Só que esse mesmo dinamismo agora atropela os canais. Aquele público que os motivou a serem legendados não quer mais esperar de uma a duas semanas (ou até mais do que isso) pra ver o episódio que tá todo mundo comentando HOJE no Facebook e no Twitter. Entre o pessoal que resta, bom... É onde o dublado pode realmente fazer a diferença nessa briga por audiência.

Ao menos Gallo afirma que nada vai mudar nisso, com os episódios inéditos das principais séries sendo exibidos na Warner com cerca de uma semana de diferença aos EUA. “Obviamente, mantendo este timing, não dá para estreá-las assim com a dublagem, logo de cara. E isso a gente não quer perder. Preferimos estrear rápido, legendado. E aí as reprises vão ser dubladas”, explica Gallo. “Não quisemos dar um passo para trás”.
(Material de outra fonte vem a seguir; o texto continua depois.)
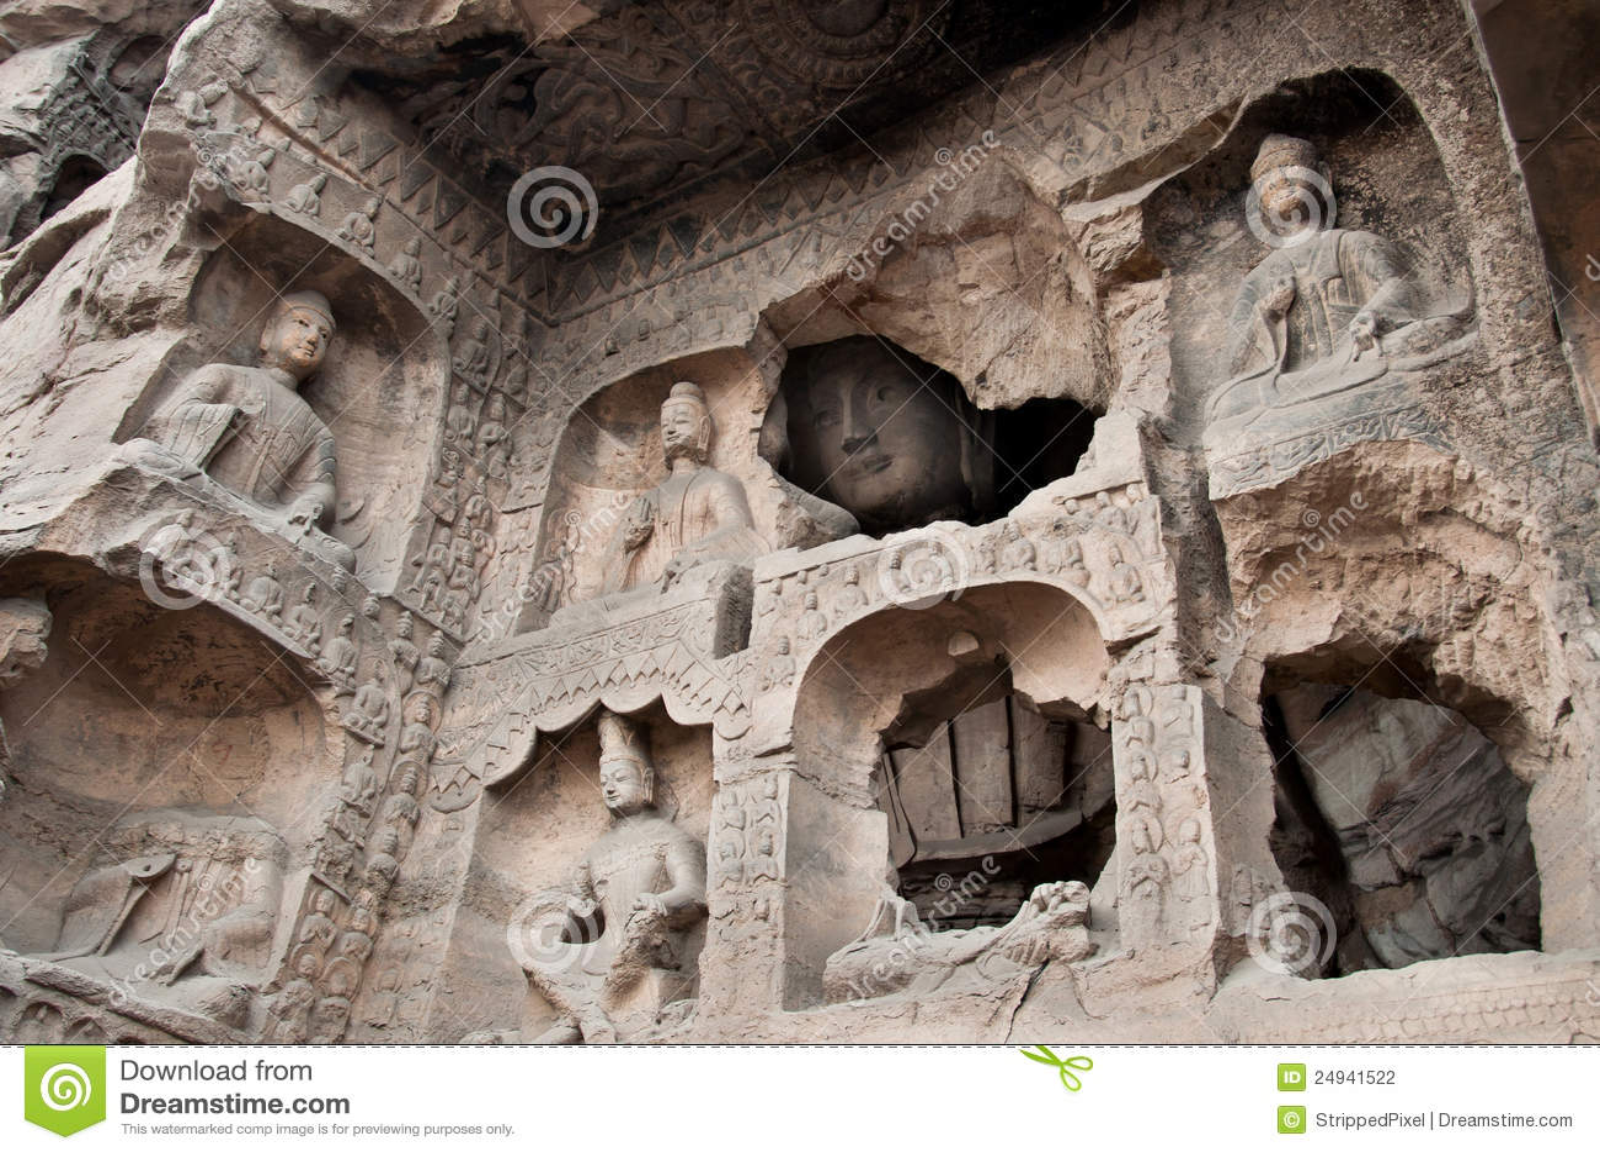 Carved buddhas at the yungang caves datong stock photo

Vamos ficar de olho. Afinal, ninguém também dizia que os canais voltariam pra fase da dublagem há uns 15 anos, quando a primeira migração aconteceu...

E as séries baseadas em HQs? Tão indo bem? “Sinto que este é praticamente um novo gênero. Os heróis são icônicos, passam por todas as gerações, falam com todas as classes sociais, regiões do país, sexos... Falam com as crianças e também com os pais. É o tipo de conteúdo que caiu muito bem para nós, uma boa mistura de drama com comédia e ação. Tanto é que embalamos Arrow, Flash e Gotham como um único bloco de super-heróis e funcionou perfeitamente”.
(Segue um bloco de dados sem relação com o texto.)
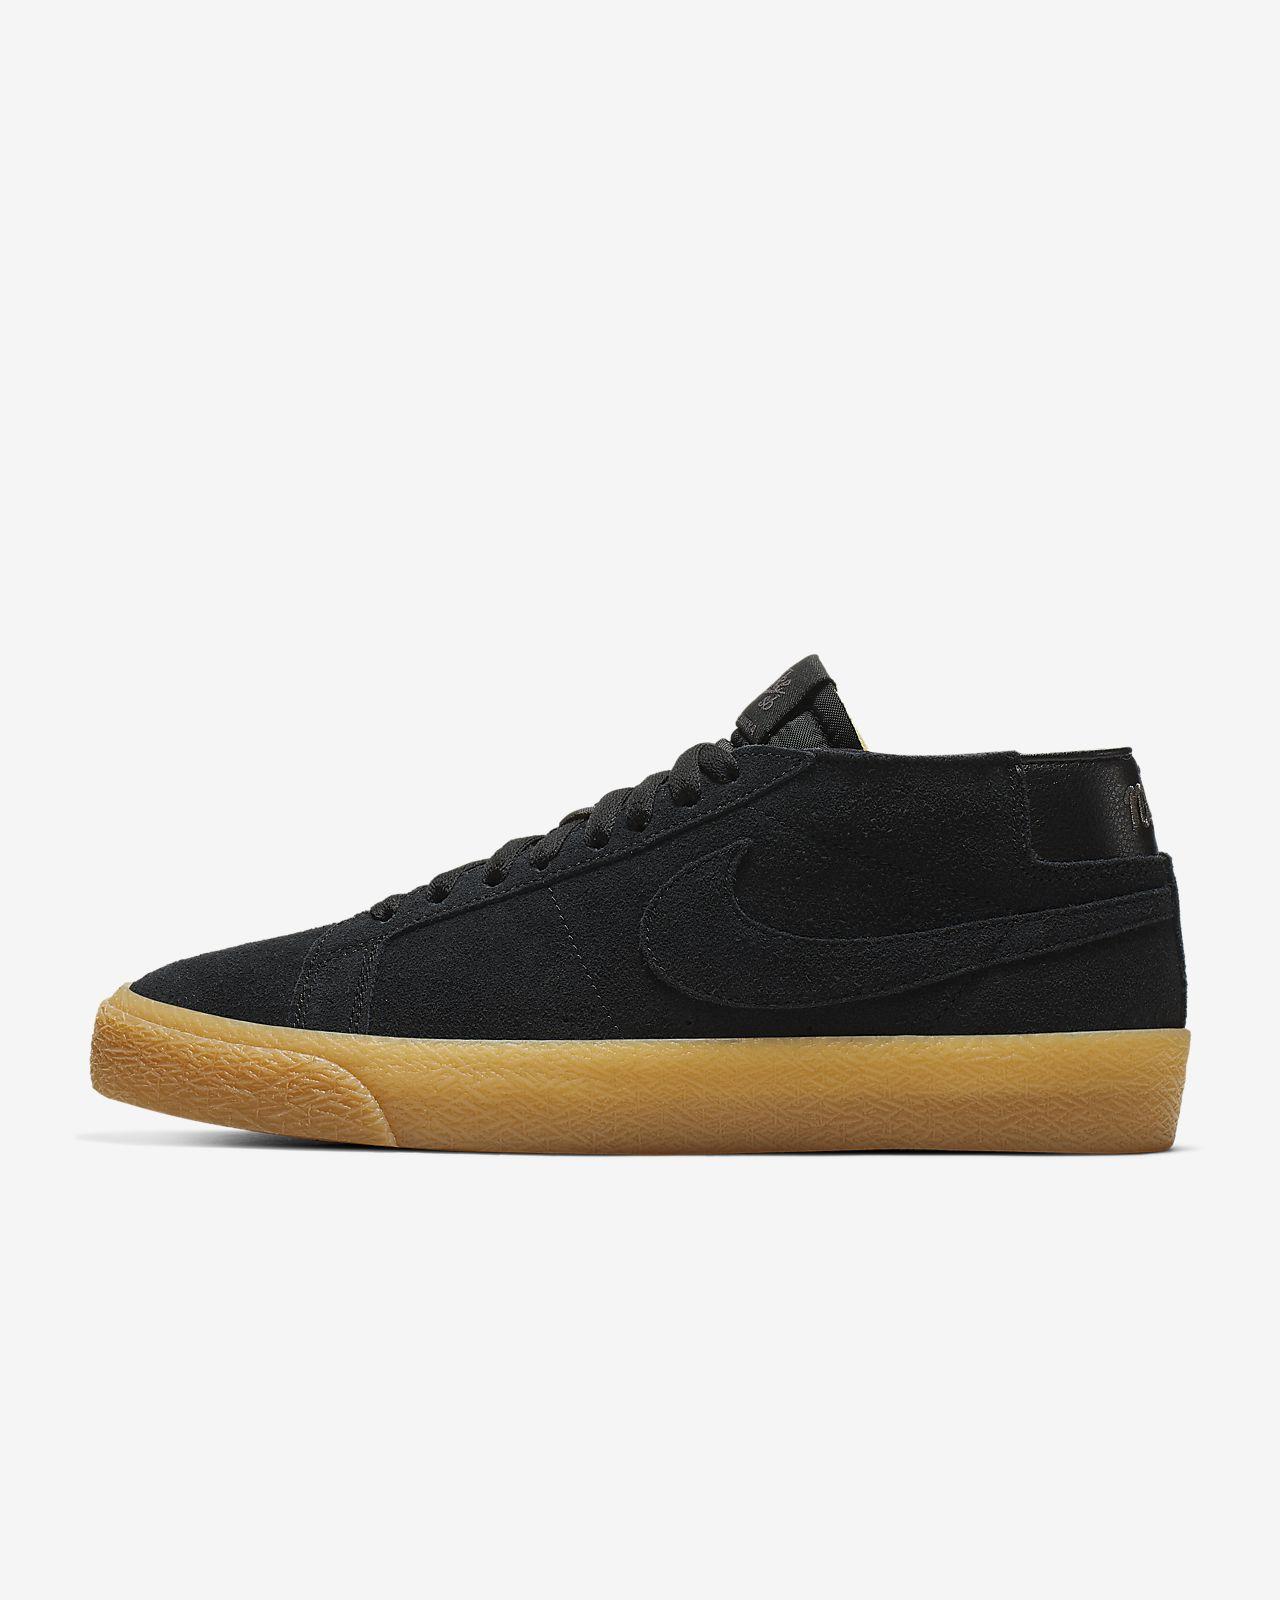 Skateboardsko Nike SB Zoom Blazer Chukka för män

Embora, por uma questão de relacionamento entre as programadoras e o Ibope, não se possa liberar com frequência os dados isolados de audiência por programa, a gente já sabia que o Flash, por exemplo, vinha funcionando bem – o suficiente para que até a Globo tivesse interesse em exibi-lo. Um levantamento, publicado na época da estreia, colocava o Velocista Escarlate como a segunda série mais assistida da TV paga, atrás apenas de The Walking Dead.
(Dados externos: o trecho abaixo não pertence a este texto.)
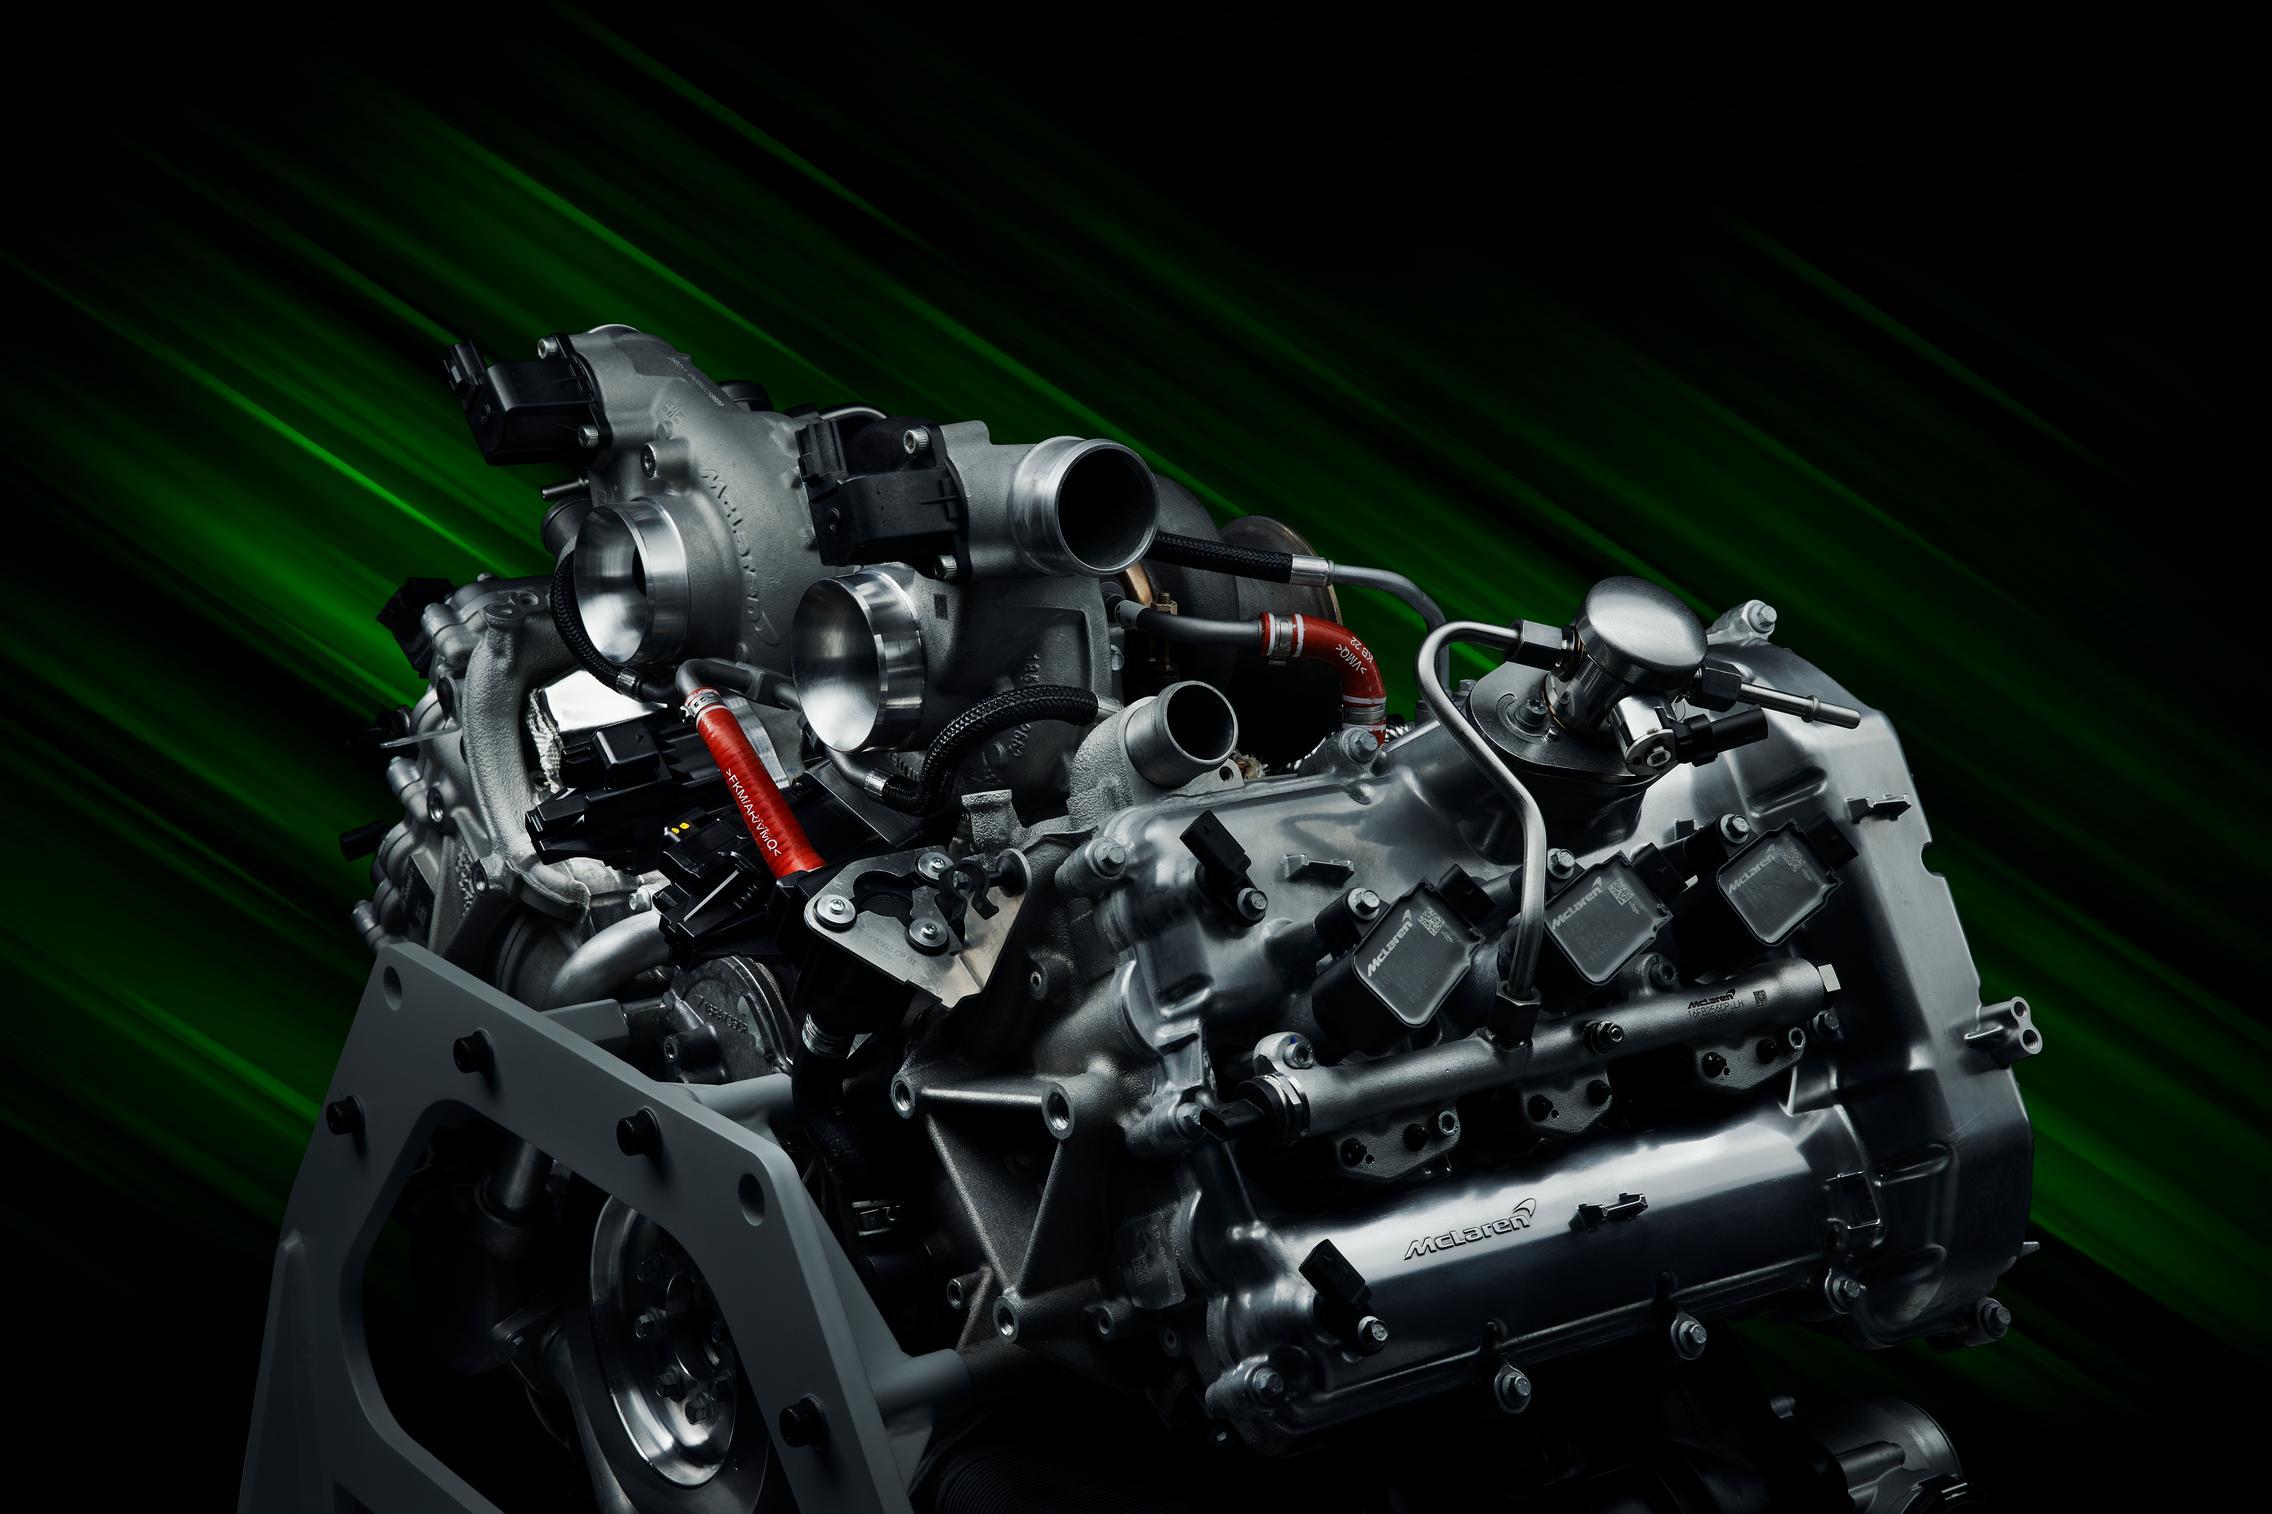 McLaren Artura engine

E o executivo garante: “não vou deixar passar nada do tipo que o CW lance”. Portanto, leia-se “Legends of Tomorrow” também. E mesmo a Supergirl, da mesma CBS de The Big Bang Theory. “Vou pegar tudo de super-heróis. Nem os longas baseados nos quadrinhos da DC vão passar”, promete.

Ainda existe um outro ponto, este bem mais delicado, no que diz respeito à programação: as cotas de produção nacional. Sabe aquela história da lei 12.485, que afirma que os canais passam a ter a obrigação de dedicar 3 horas e 30 minutos semanais de seu horário nobre à veiculação de conteúdos audiovisuais brasileiros, sendo que no mínimo metade deverá ser produzida por produtora brasileira independente? “Estamos avançando muito, enquanto grupo, na questão da produção nacional. Queremos agora dar um pulo maior”, afirma. “A Turner não foi uma produtora que investiu tanto quanto deveria em produção nacional. Mas isso é passado. Neste momento, estamos com oito produções brasileiras exclusivamente nossas, sendo que duas delas são para a Warner”.

Embora guarde detalhes a sete chaves, uma destas produções é uma série, com 13 episódios de 30 minutos. E a outra é um programa, de variedades, também com 13 episódios. Ambos vão estrear em breve, mas ainda sem data definida.

“Não vamos apenas cumprir cotas, nosso objetivo é maior do que isso”, promete. “Queremos produção nacional de qualidade, para respeitar o nosso público. Um público acostumado com qualidade. Não dá pra colocar qualquer coisa no meio de Gotham e um filme tipo Harry Potter e achar que está tudo bem. Precisa ser mais”.

Olha... a promessa é grande. Cobraremos.